» **WHAT NEEDS TO BE DONE**
Set down exactly the lines running from the one with "久石讓 - 菊次郎的夏天" to the last line of the listing below, both included, and skip every picture.

» **INFORMATION PROVIDED**
* * * * * * *
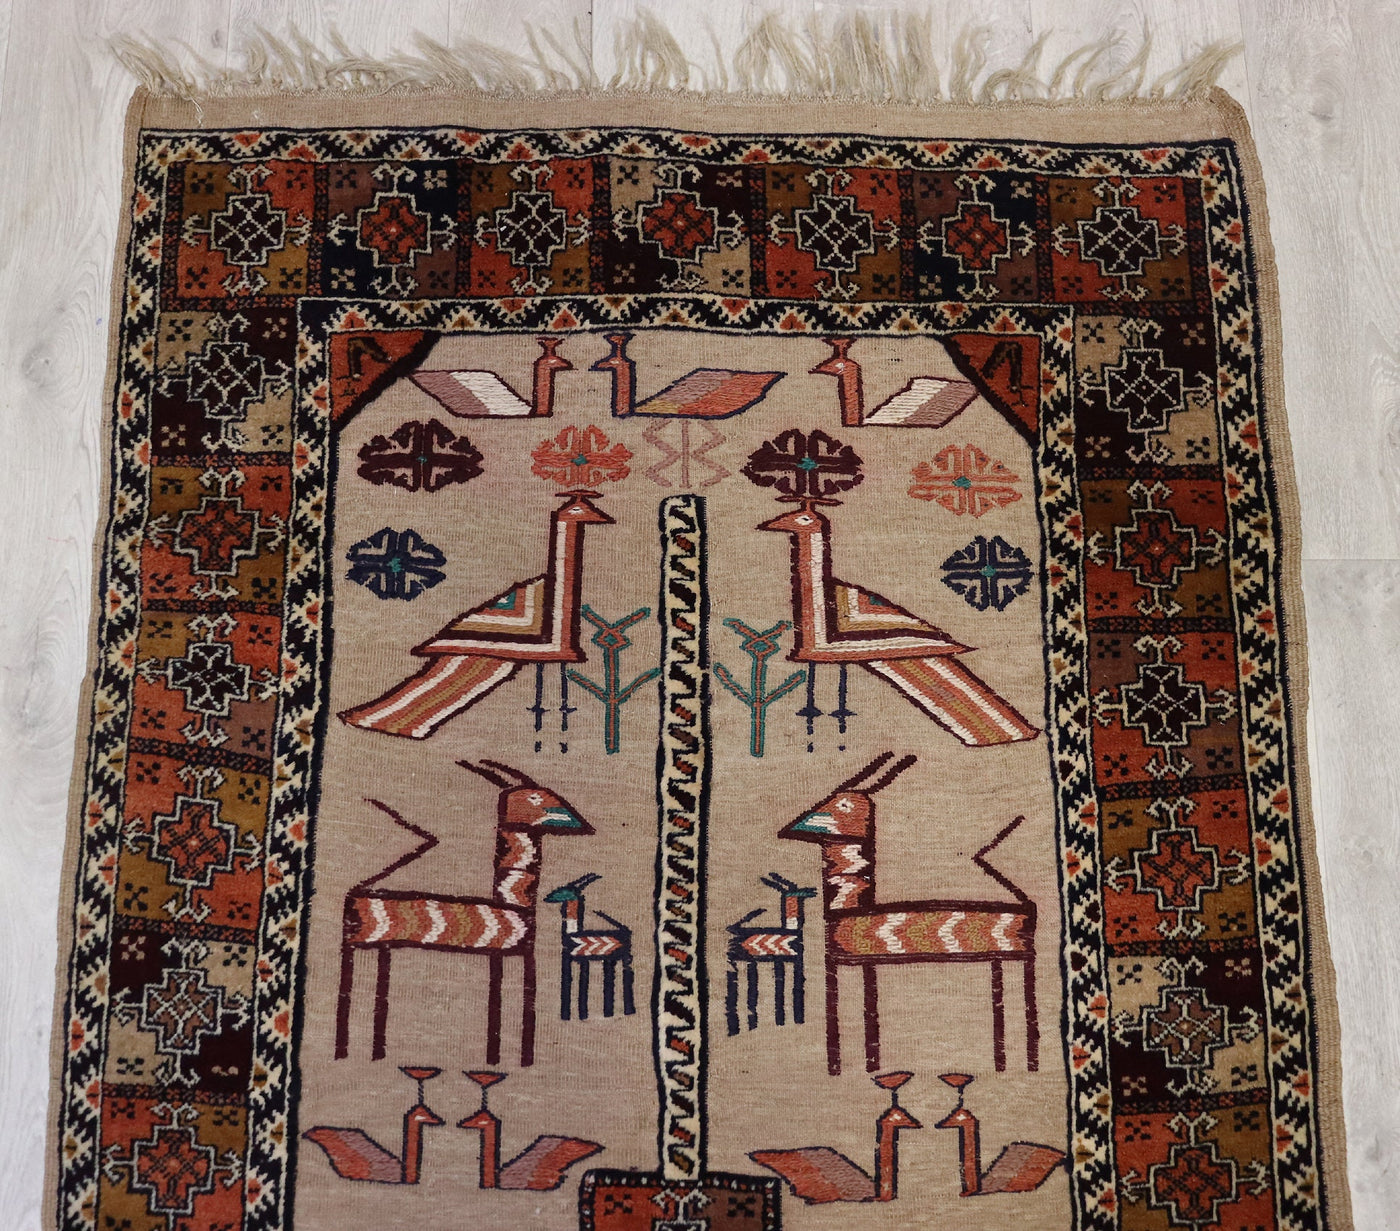 200x100 cm Antik orient handgewebte Teppich Nomaden Balouch sumakh kelim afghan Beloch Flur Läufer kilim Nr- 556 Teppiche Orientsbazar   
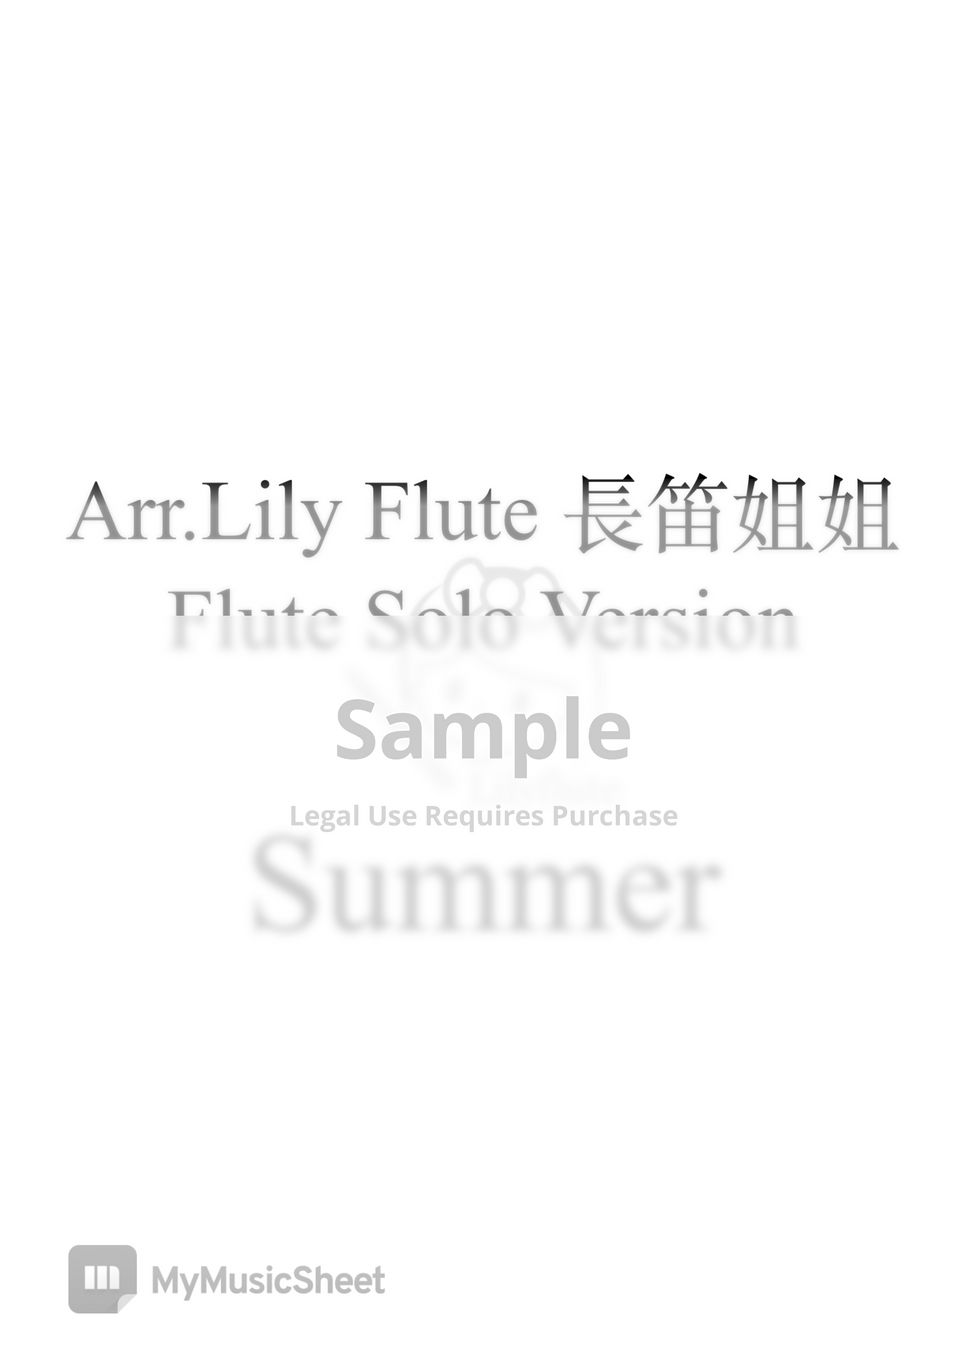 久石讓 - 菊次郎的夏天 (Solo Version) by Lily Flute 長笛姐姐
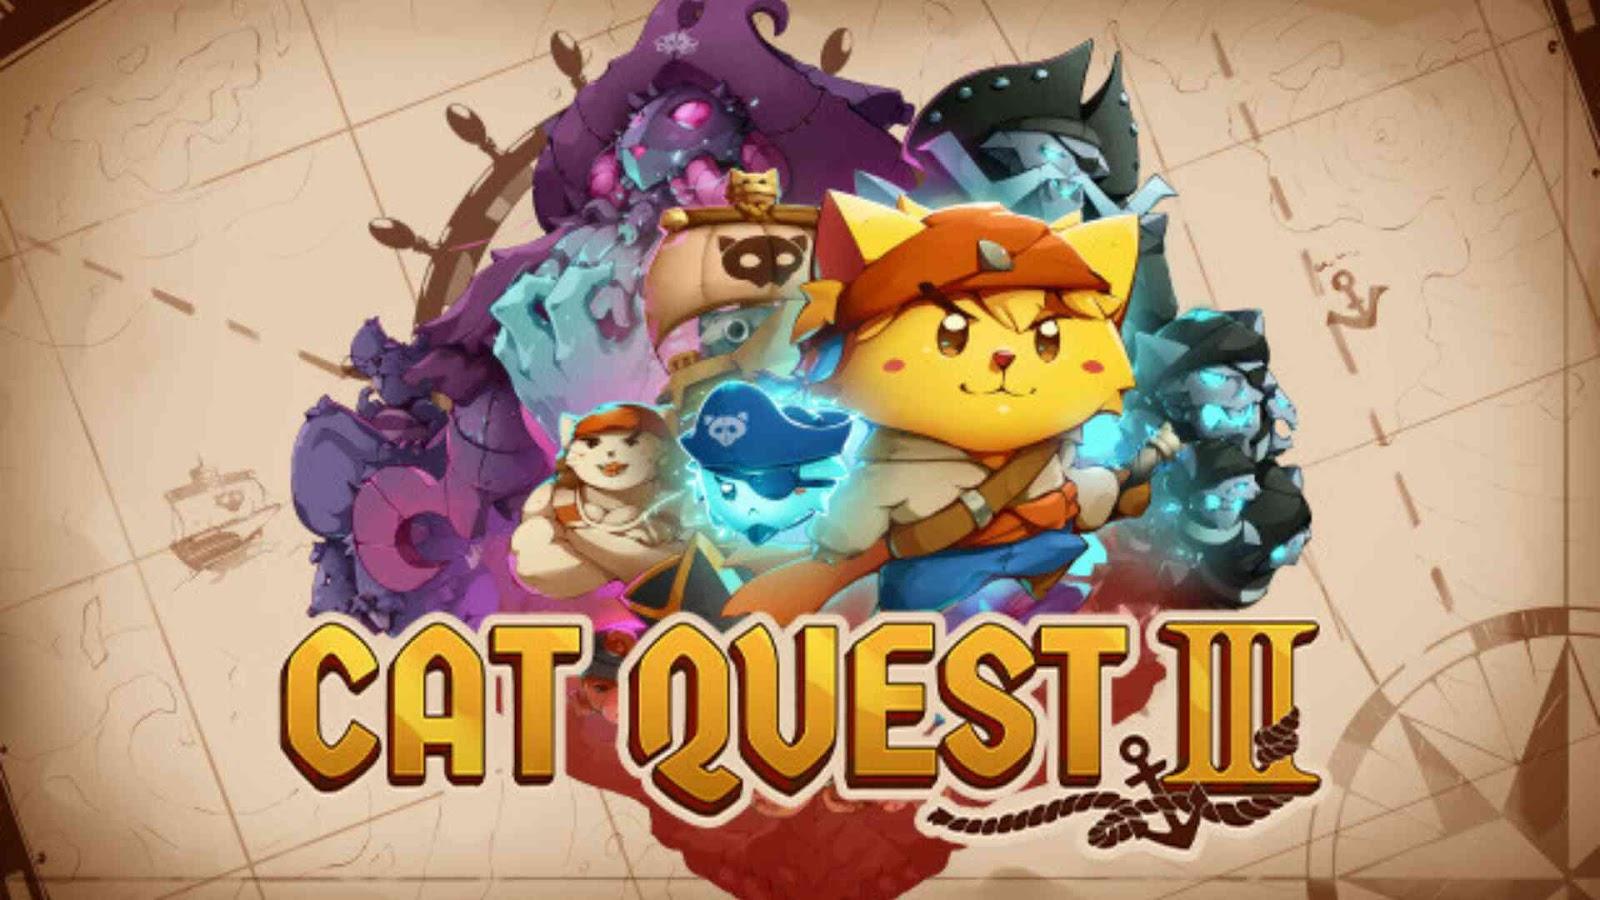 7. Cat Quest 3
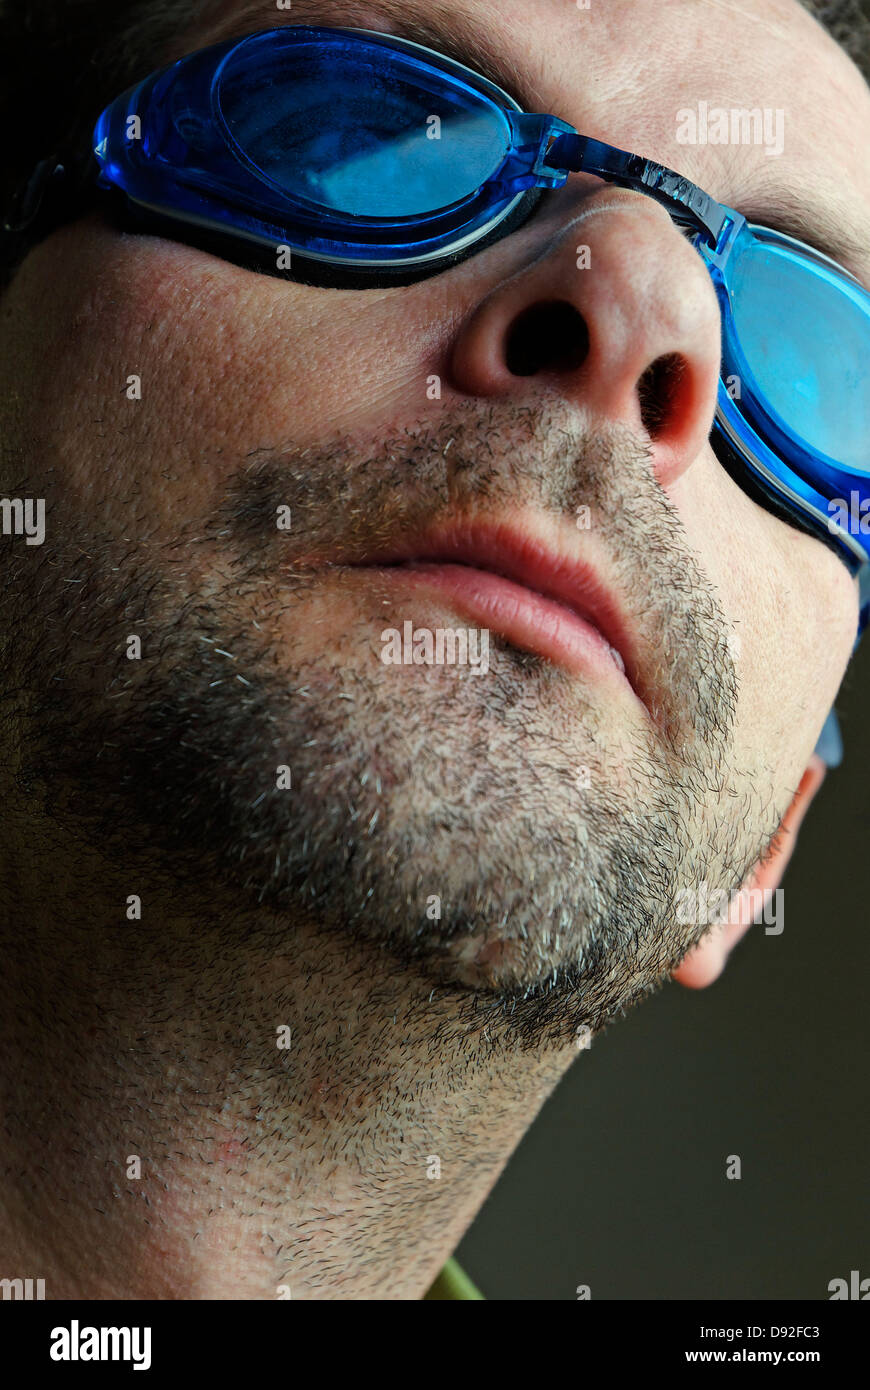 Anteojos de natación fotografías e imágenes de alta resolución - Página 2 -  Alamy
* * * * * * *
» **TASK ANSWER**
 久石讓 - 菊次郎的夏天 (Solo Version) by Lily Flute 長笛姐姐
 7. Cat Quest 3
 Anteojos de natación fotografías e imágenes de alta resolución - Página 2 -  Alamy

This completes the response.